*Work required*. Only the lines in the entries below from the line with "Iron Man Keychain - Marvel Collectible gift" to the line with "Deutsche Goldmünzen", both included, belong in the answer, transcribed exactly and without pictures.

*Supplied material*.
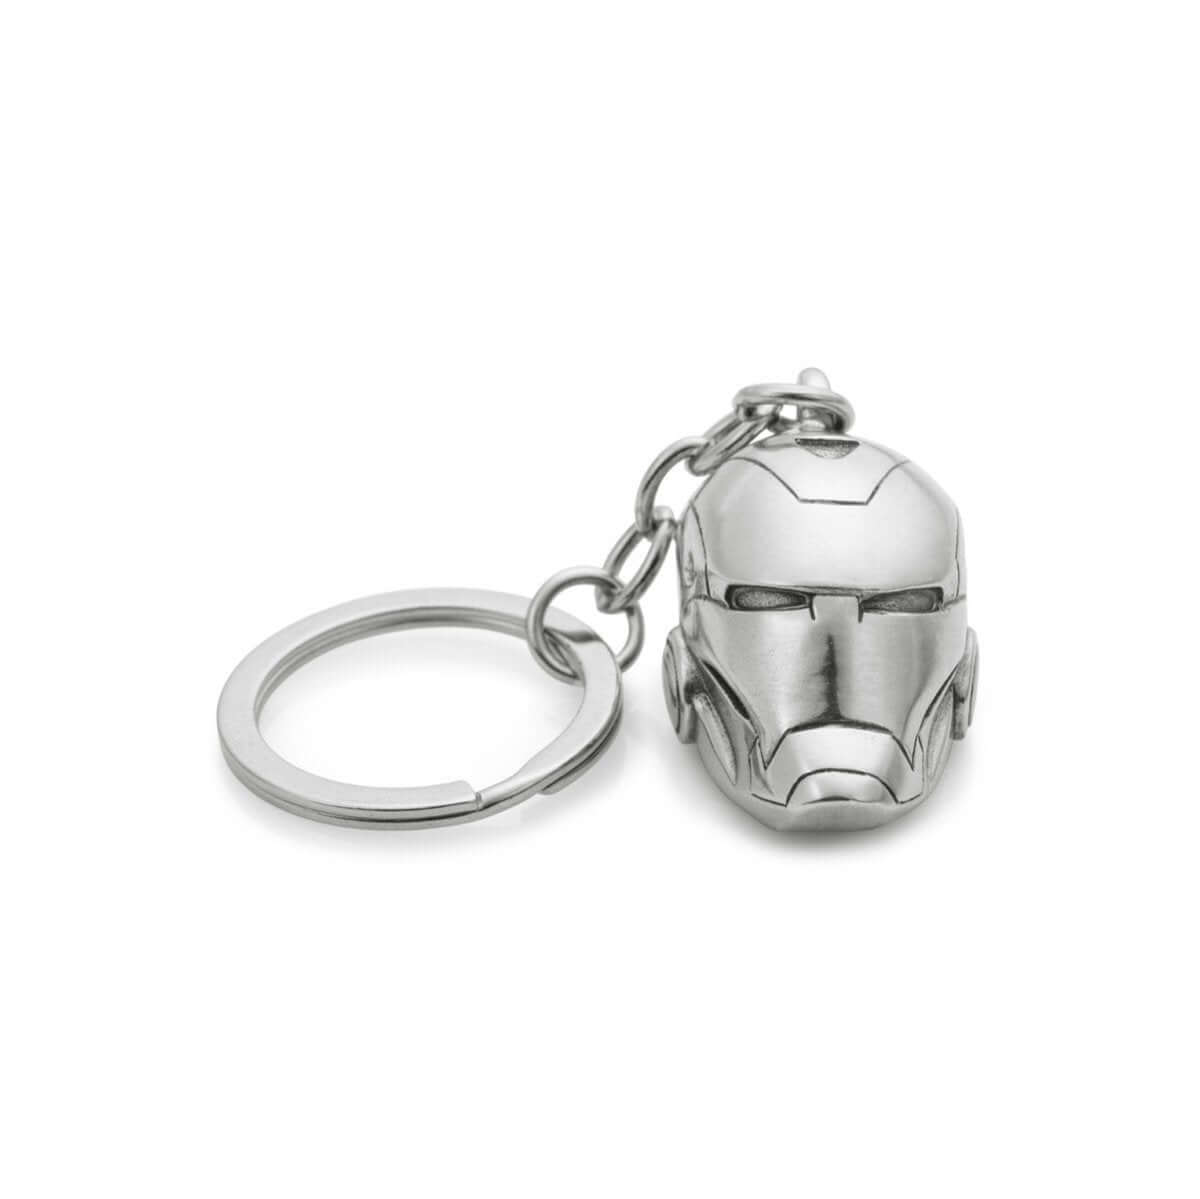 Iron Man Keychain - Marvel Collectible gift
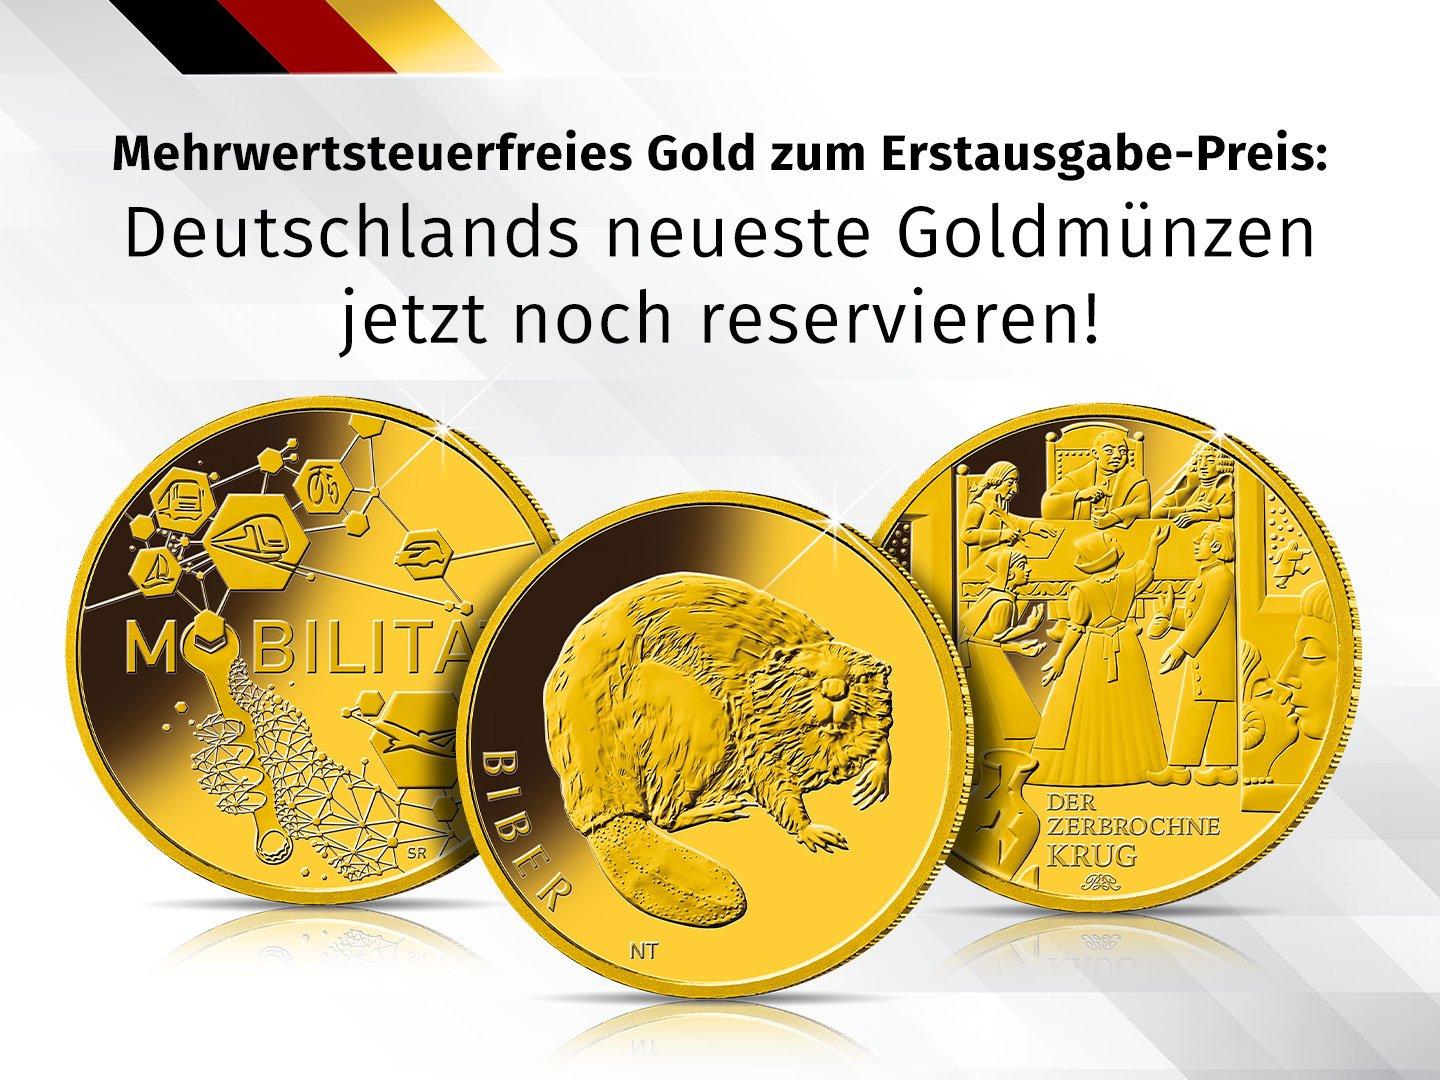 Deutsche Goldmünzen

--

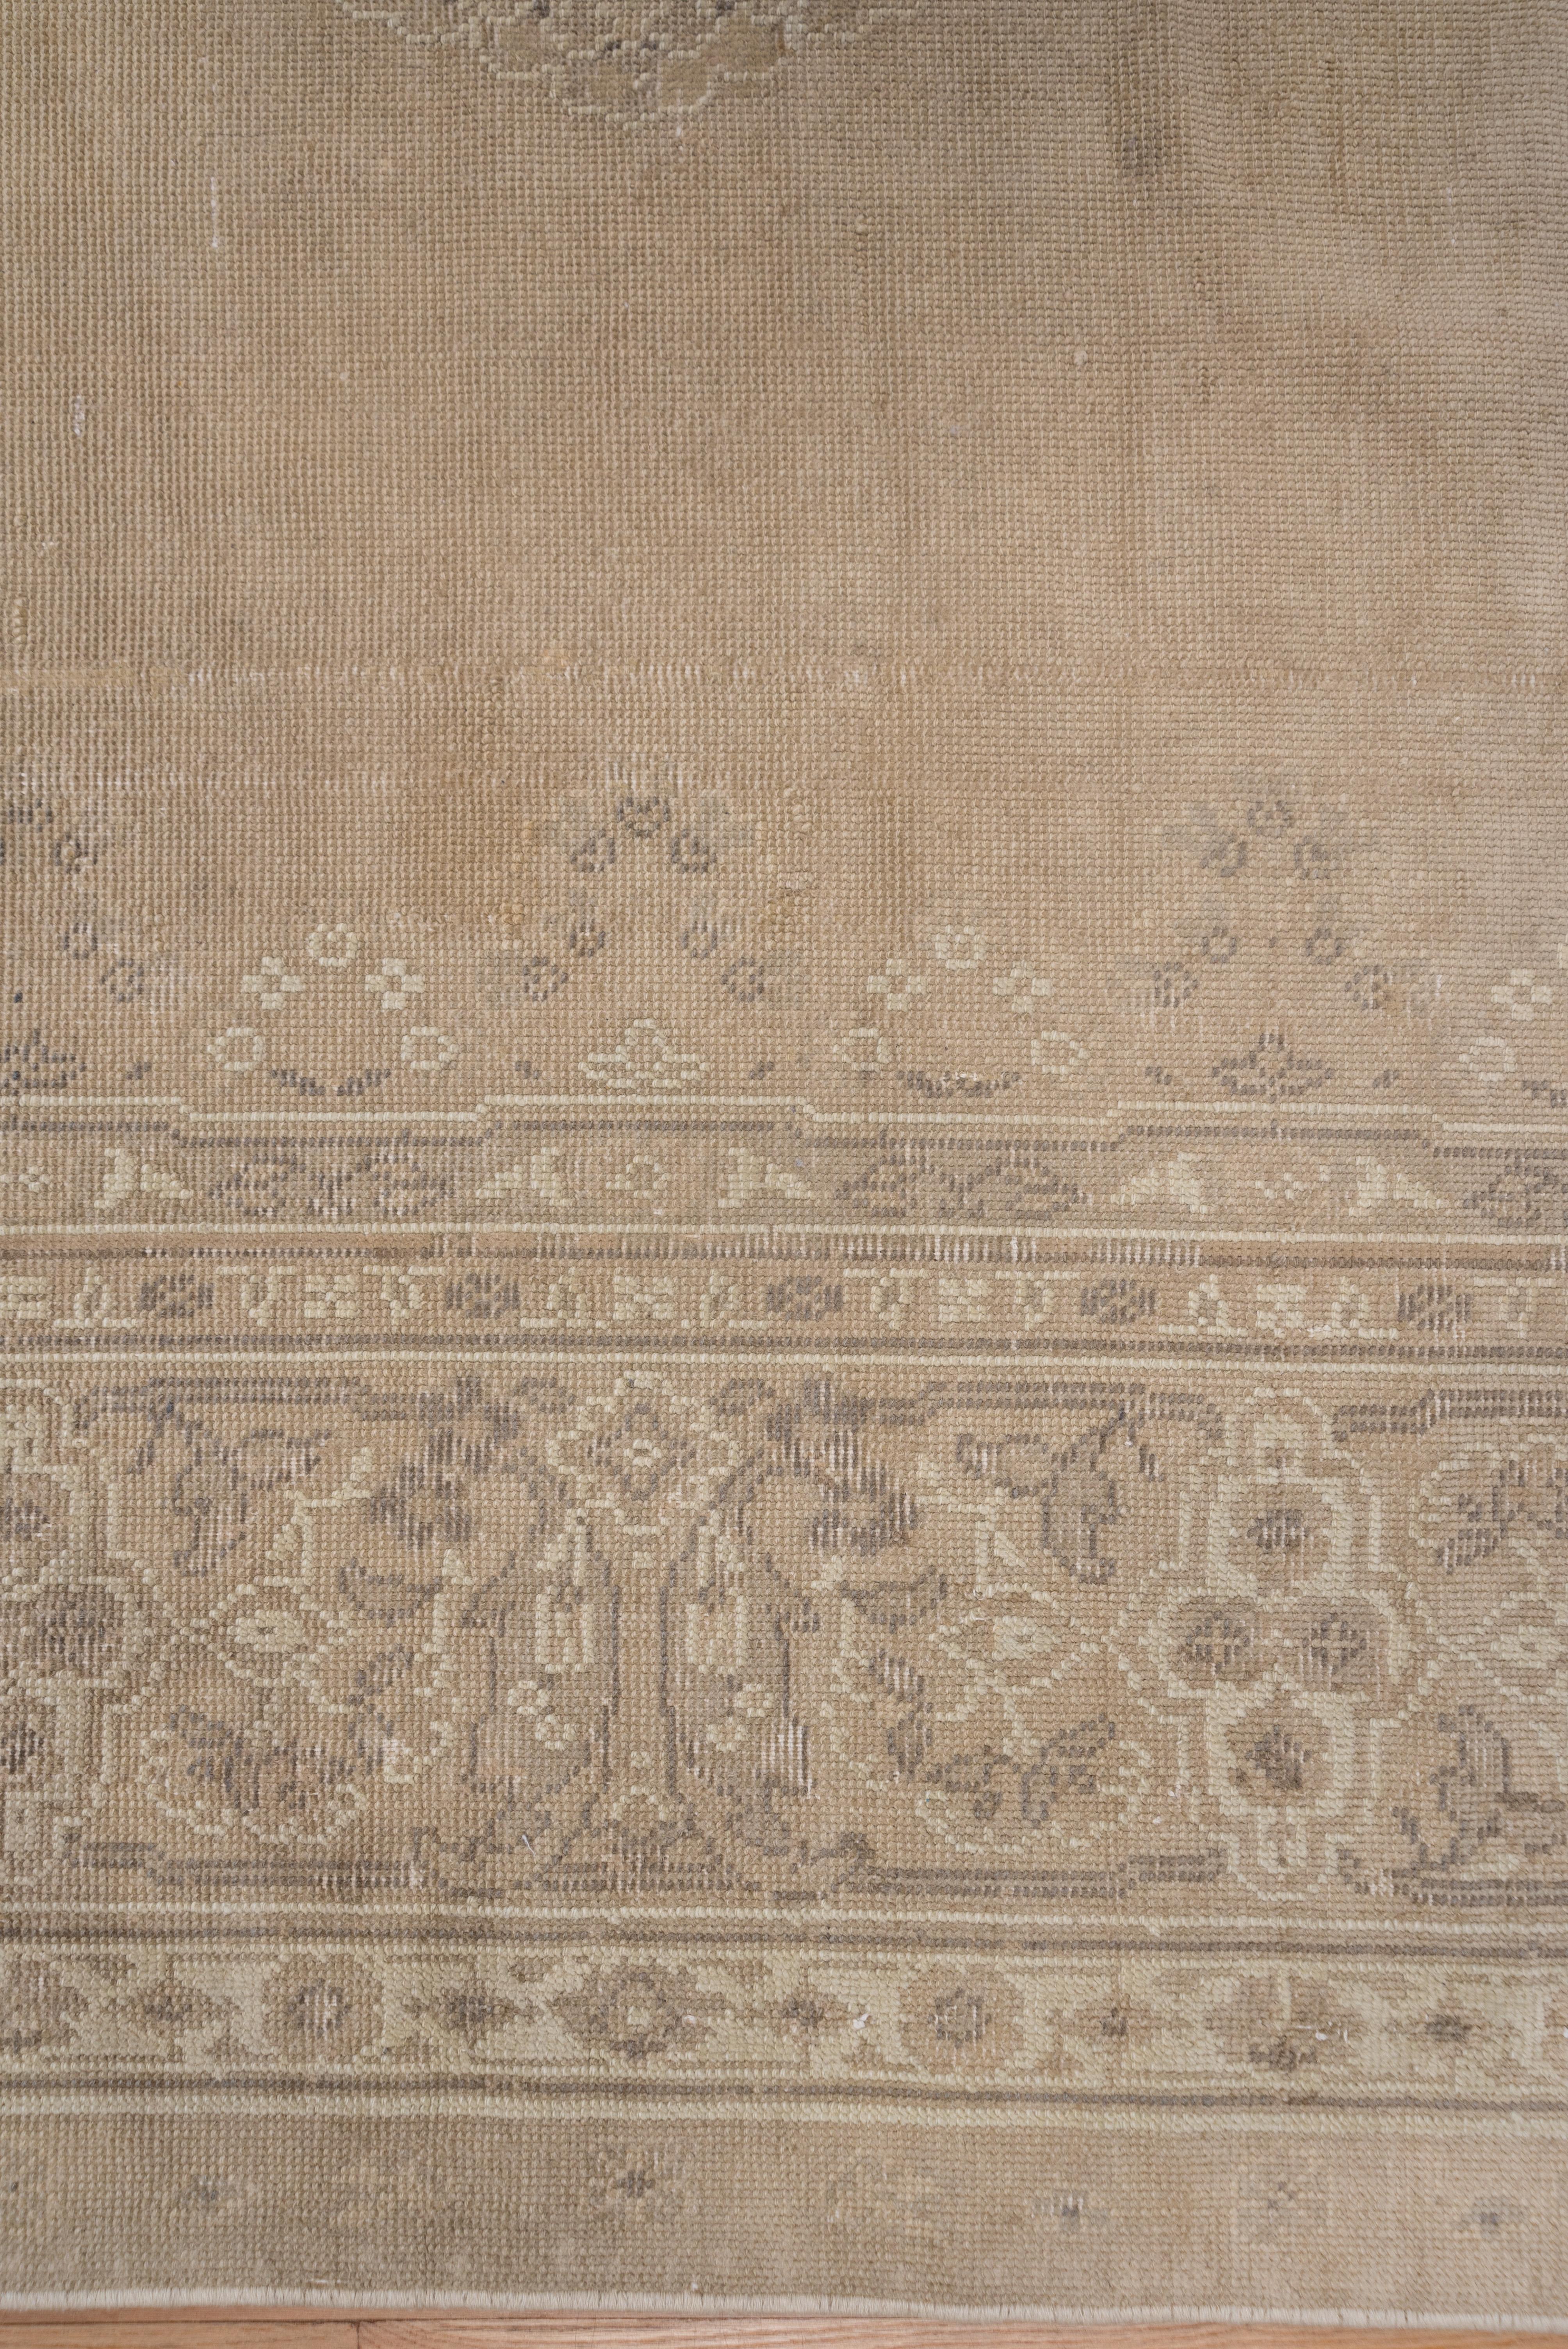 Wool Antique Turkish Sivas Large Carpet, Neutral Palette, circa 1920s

*Exercise output*.
 Iron Man Keychain - Marvel Collectible gift
 Deutsche Goldmünzen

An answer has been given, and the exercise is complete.